The forum is a great place man, don't let one loudmouth ruin it for you!


----------



## FelineGuitars (Apr 9, 2013)

Thanks guys - I'm just a guitar fanatic like the rest of you at the end of the day.


----------



## -Berserker_ (Apr 9, 2013)

FelineGuitars said:


> Thanks guys - I'm just a guitar fanatic like the rest of you at the end of the day.



As am i, i hope we can put our differences behind us John.

EDIT: Same goes to any members i may have clashed with.


----------



## capoeiraesp (Apr 9, 2013)

-Berserker_ said:


> The questions i posed were purely for the sake of information, nothing more!!
> *Do you really think that if i intended on damaging Doug's reputation i would do it on an internet forum? No, i would of reported him straight to HMRC with an anonymous tip and let them lead the investigation quietly, do i get my point across now?* Do you not see that i am honestly just asking a simple no strings attached question?

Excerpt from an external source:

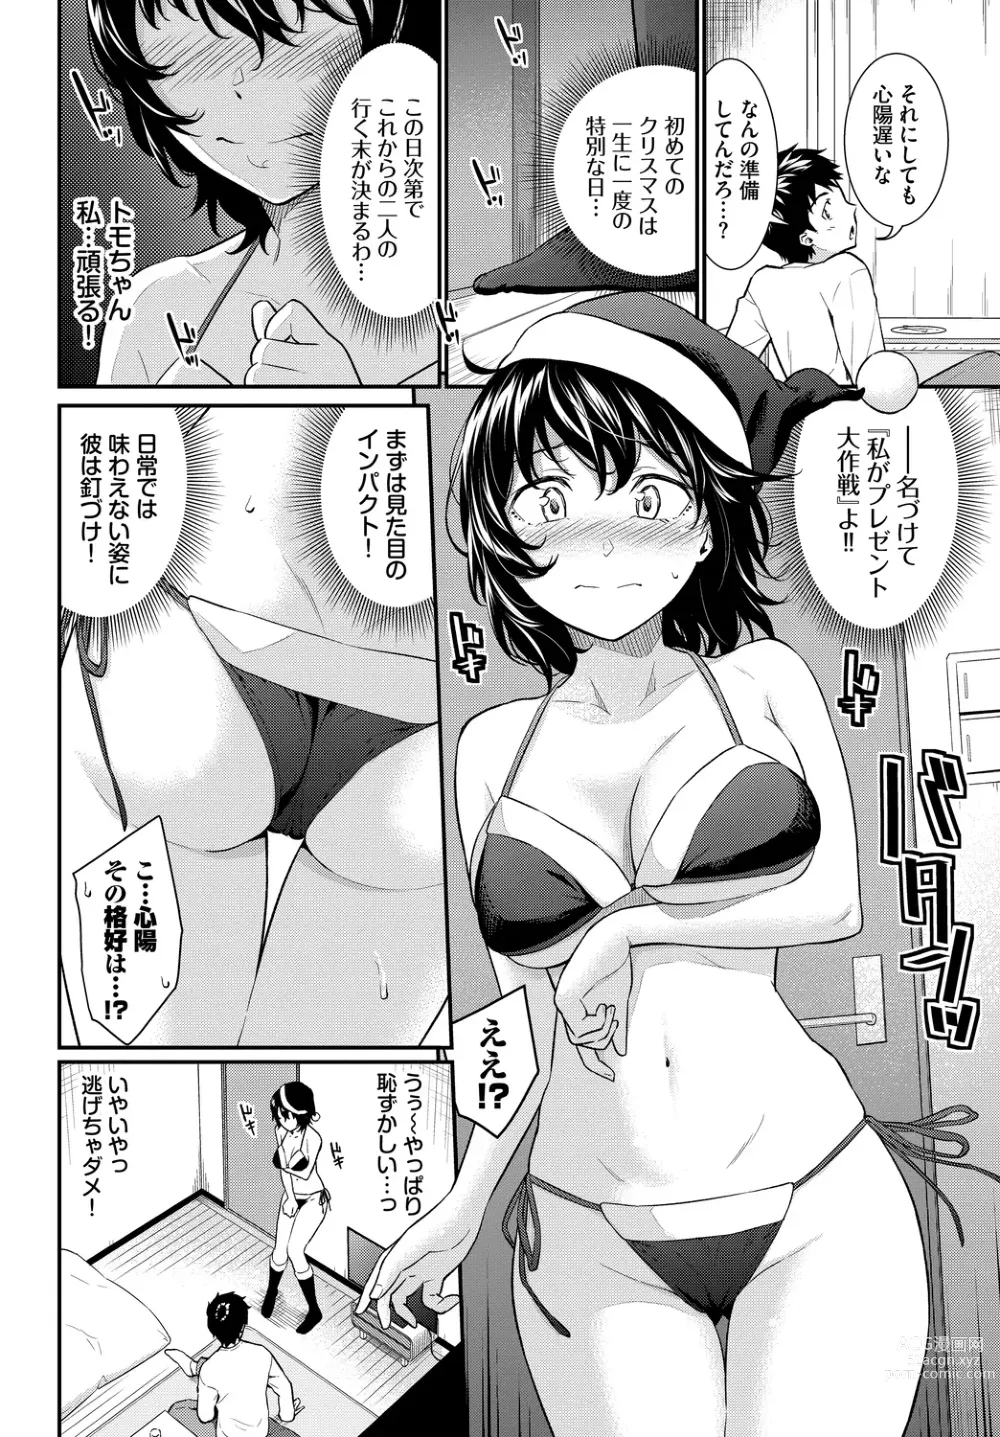 Page 194 of manga Hajirai Limit

Berserker, please don't use the term 'would of' when trying to have an intelligent argument.


----------



## Watty (Apr 9, 2013)

capoeiraesp said:


> Berserker, please don't use the term 'would of' when trying to have an intelligent argument.



Let alone all the other errors in his post. 

Berker, at the end of the day, it doesn't matter. Even those completely "honest" and "by the book" businesses still do shady things every second of every day in an effort to advance their profits and reach with their consumers. Regardless of whether Doug is "registered" or not (I'd be inclined to believe yes), there's NO NEED WHATSOEVER to discuss it on an online forum where misinformation is the order of the day; i.e. Doug doesn't post here and you've done a good job alienating the ONLY person with real, reliable evidence to answer your question truthfully.


----------



## Danukenator (Apr 9, 2013)

-Berserker_ said:


>



I DID agree with this part.


----------



## Speculum Speculorum (Apr 10, 2013)

I've been mostly hanging out at FAS Forums trying to get my head wrapped around the new firmware. I come back here and I see 7 pages of this shit.

How the fucking fuck did this thread spiral out in such a weird way?


----------



## BlackStar7 (Apr 10, 2013)

How I feel about the last two and a half pages of this thread


----------



## -Berserker_ (Apr 10, 2013)

Watty said:


> Let alone all the other errors in his post.
> 
> Berker, at the end of the day, it doesn't matter. Even those completely "honest" and "by the book" businesses still do shady things every second of every day in an effort to advance their profits and reach with their consumers. Regardless of whether Doug is "registered" or not (I'd be inclined to believe yes), there's NO NEED WHATSOEVER to discuss it on an online forum where misinformation is the order of the day; i.e. Doug doesn't post here and you've done a good job alienating the ONLY person with real, reliable evidence to answer your question truthfully.


 
Apologies, English is actually my second language.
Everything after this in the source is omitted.